Niagara Mohawk provides an example of how to compare ESCO charges with its charges for supply service, which illustrates that a customer will receive savings if they switch to ESCO service. ESCO prices are listed at the PSC Power to Choose website, but these may not be the actual charges. The PSC Order quoted above only requires ESCOs to file on the 5th of the month what their prices were on the 1st of the month, and the ESCO prices are allowed to be changed without public notice. Because the ESCOs use the utility's billing and collection services, they file their price changes only privately with Niagara Mohawk, which uses those charges - and not the charges published by the PSC at Power to Choose - to bill customers. Thus, it is difficult to know the actual rate being charged to ESCO customers, and hard to compare what one's bill would be if one were to switch, either from full Niagara Mohawk service to ESCO service, or from ESCO service back to full utility service.
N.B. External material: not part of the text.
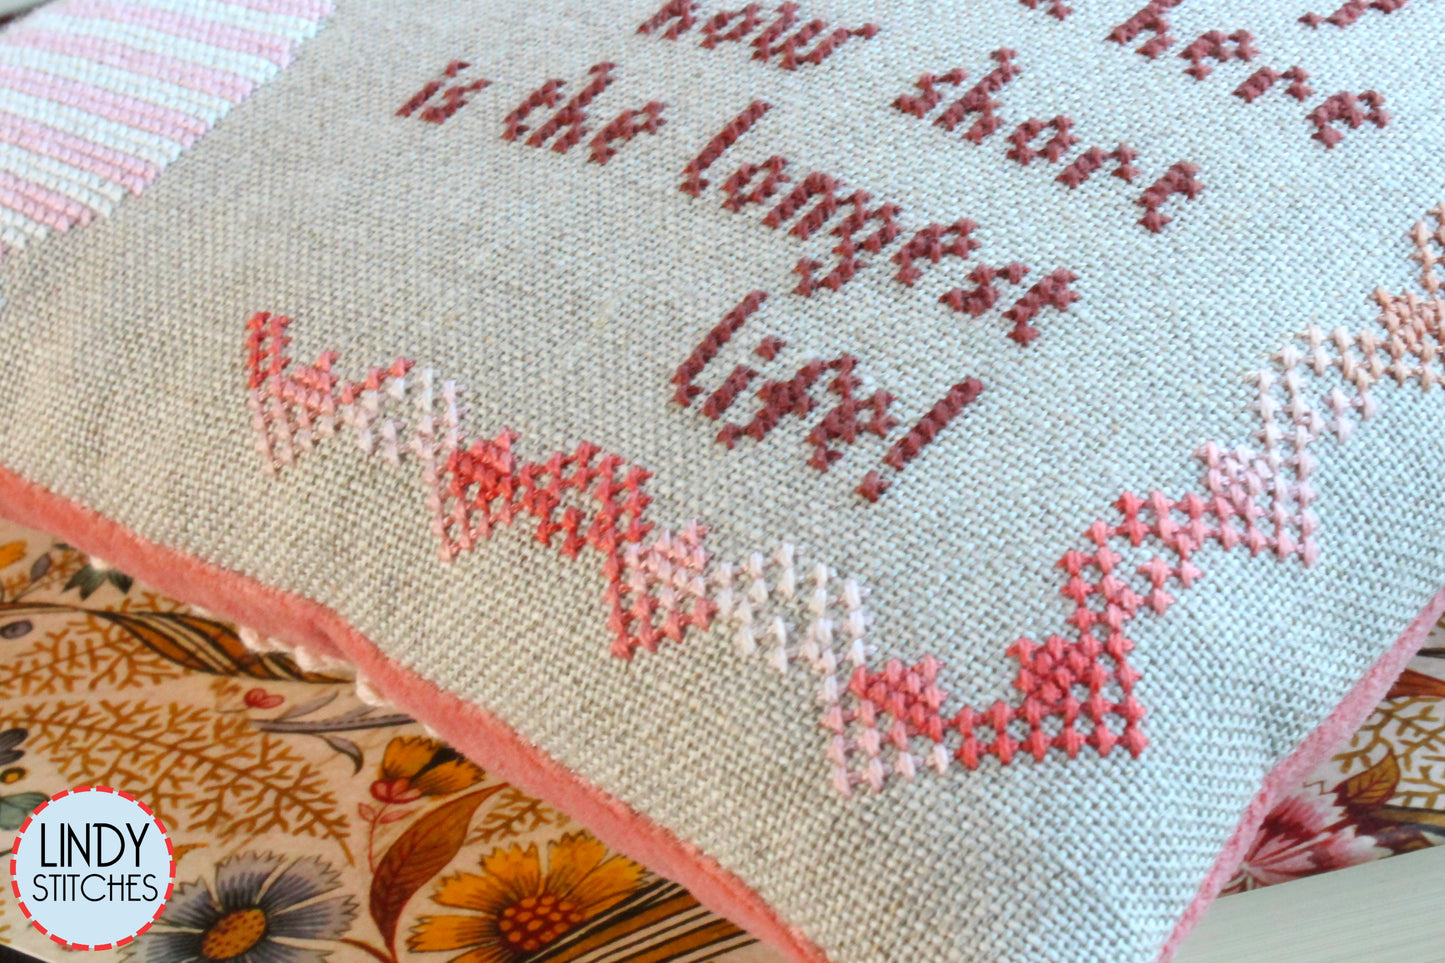 Wildflowers & Keats Cross Stitch Pattern by Lindy Stitches PDF

According to information provided by Niagara Mohawk in response to PULP's discovery, its customers who bought gas and electricity from ESCOs were sent 377,736 Final Termination Notices arising from non payment of charges in 2011, averaging 31,478 per month, and approximately 5,000 electric customers and 2,000 gas customers switch back from ESCO service to full utility service each month.
In the event of a service termination for non payment of bills by a customer receiving ESCO service, the HEFPA 2002 amendments require Niagara Mohawk to offer reinstatement of service based on the lesser of charges for ESCO service or the charges it would have made had the customer not switched. Also, the utility buys ESCO receivables for more than 99% of its residential ESCO customers. Thus, in the regular course of business, Niagara Mohawk must have a ready comparison of what ESCO customers would have been billed had they not switched. PULP sought information through the rate case discovery process to ascertain the utility bill impacts of ESCO service, as compared to bills that would have been issued had the customers not switched, for the most recent 24 months.
The Retail Energy Supply Association (RESA) moved to bar release of the information, arguing it is not relevant and that it is a trade secret that must be kept confidential. RESA is a national proponent of ESCO service and its members include many of the ESCOs selling energy in New York state. PULP filed papers opposing RESA's motion to suppress the information, pointing out that it did not mention the name or prices of any ESCOs. The Department of State's Utility Intervention Unit also supported PULP's request and opposed secrecy of the information. Administrative Law Judges ruled that PULP's information requests are relevant, and directed Niagara Mohawk to provide the information regarding the difference between bills to ESCO charges and what the utility would have charged for its service on a confidential basis. This enabled parties to obtain and use the information in their testimony, pending a decision on trade secret status of the information.
PULP filed testimony addressing the impact of ESCO service on customer bills. The redacted public version of the testimony omits the information subject to the pending ruling on its trade secret status. In addition to urging less dependency on retail utility competition to lower bills and more direct measures to to address the affordability issues, PULP is recommending that the PSC require National Grid d/b/a/ Niagara Mohawk to provide bill calculation tools to better enable people to compare what they are being charged for service (be it ESCO service, service from a landlord, or service from another utility) with what Niagara Mohawk would charge for similar usage over the same time periods. See Utility Choices, Watertown Daily Times, August 30, 2012; Energy Competition: Reveal prices to level playing field for consumers, Syracuse Post Standard, September 6, 2012.